A Backup is Not a True Backup until it is Tested
Having a plan in place is a nice first step to build your redundancy and communications resilience, but the smallest of overlooked details can quickly derail your efforts. You wouldn’t trust your critical data backups without periodically testing restore capabilities, so why wouldn’t you test your communications backups?
Test your communications failover plans (at least) once a year to verify your WAN resiliency works as intended. Be sure to thoroughly document not only what went right with your test, but also what went wrong or what adjustments were necessary. This documentation allows you to learn from mistakes and address any gaps in your plans. Auditors and examiners will also want to review this testing documentation, so you should aim for incremental improvements from year to year and test to test.
Financial institutions may overlook another important backup need by neglecting to back up the configurations for routers and smart switches. Routing configurations can balloon in complexity over time as automatic failover is added and routing is optimized, and you do not want to lose all of the hard work that went into building those configurations due to failed hardware. Be sure to back up the router or switch configurations after configuration changes to ensure the fastest recovery from failed equipment. If you are uncomfortable managing these backups on your own, there are services available to monitor networking equipment that also automatically copy down device configurations on a regular schedule.

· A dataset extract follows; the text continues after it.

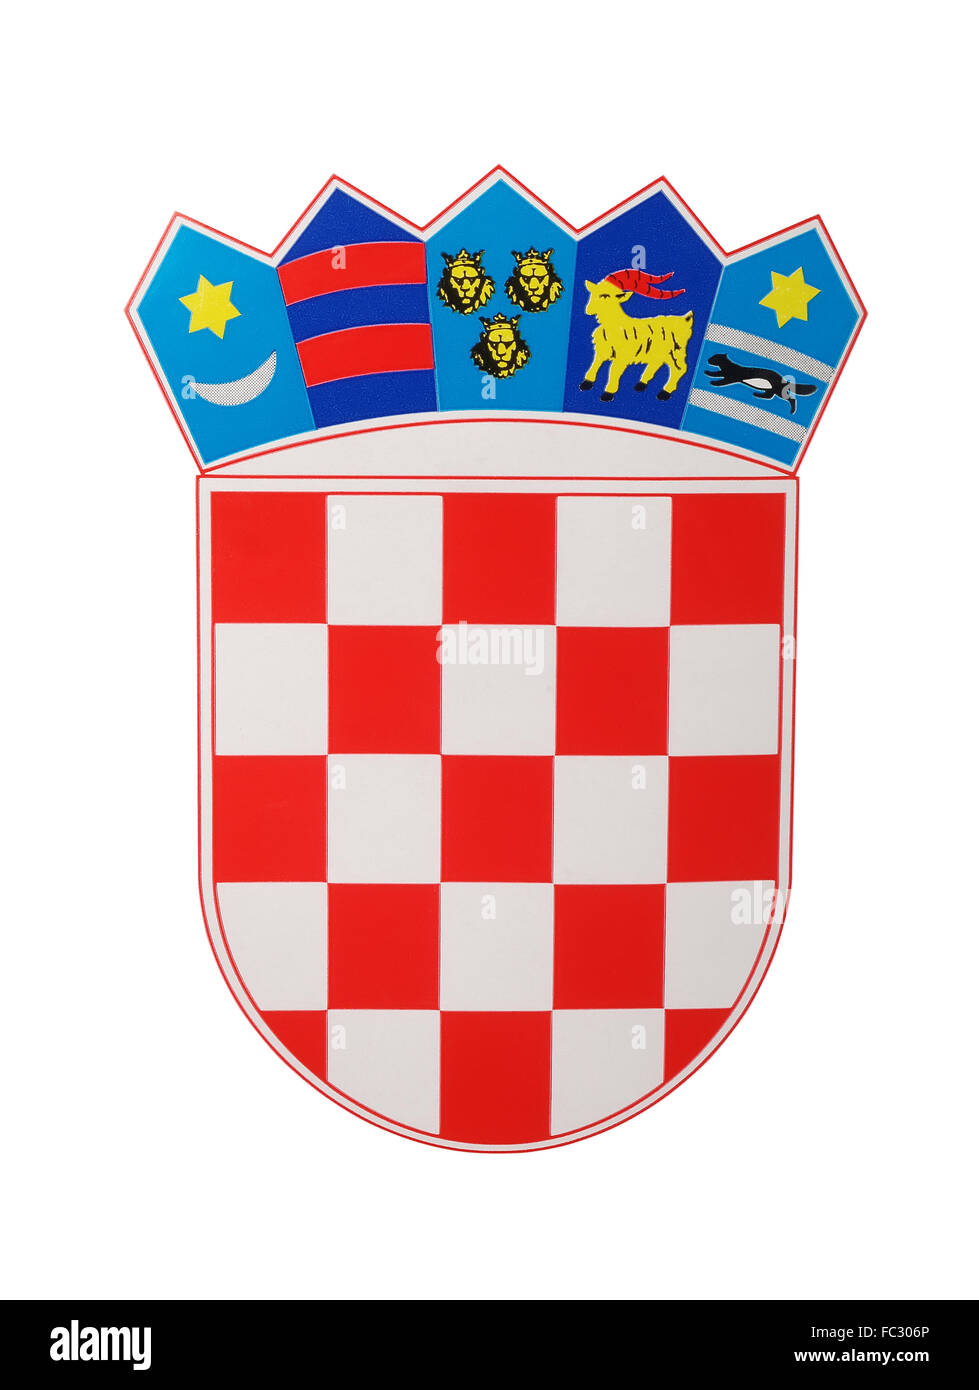 Emblème de la Croatie, photographie, studio shot Banque D'Images

Finding and configuring the right mix of technologies to keep your financial institution running can be a daunting task. If you would like some help figuring out how to navigate the different circuit and failover options available, then consider enlisting the help of technology experts. The right technology partner should be familiar with the unique needs of financial institutions to help you stay technically afloat without running afoul of regulatory requirements.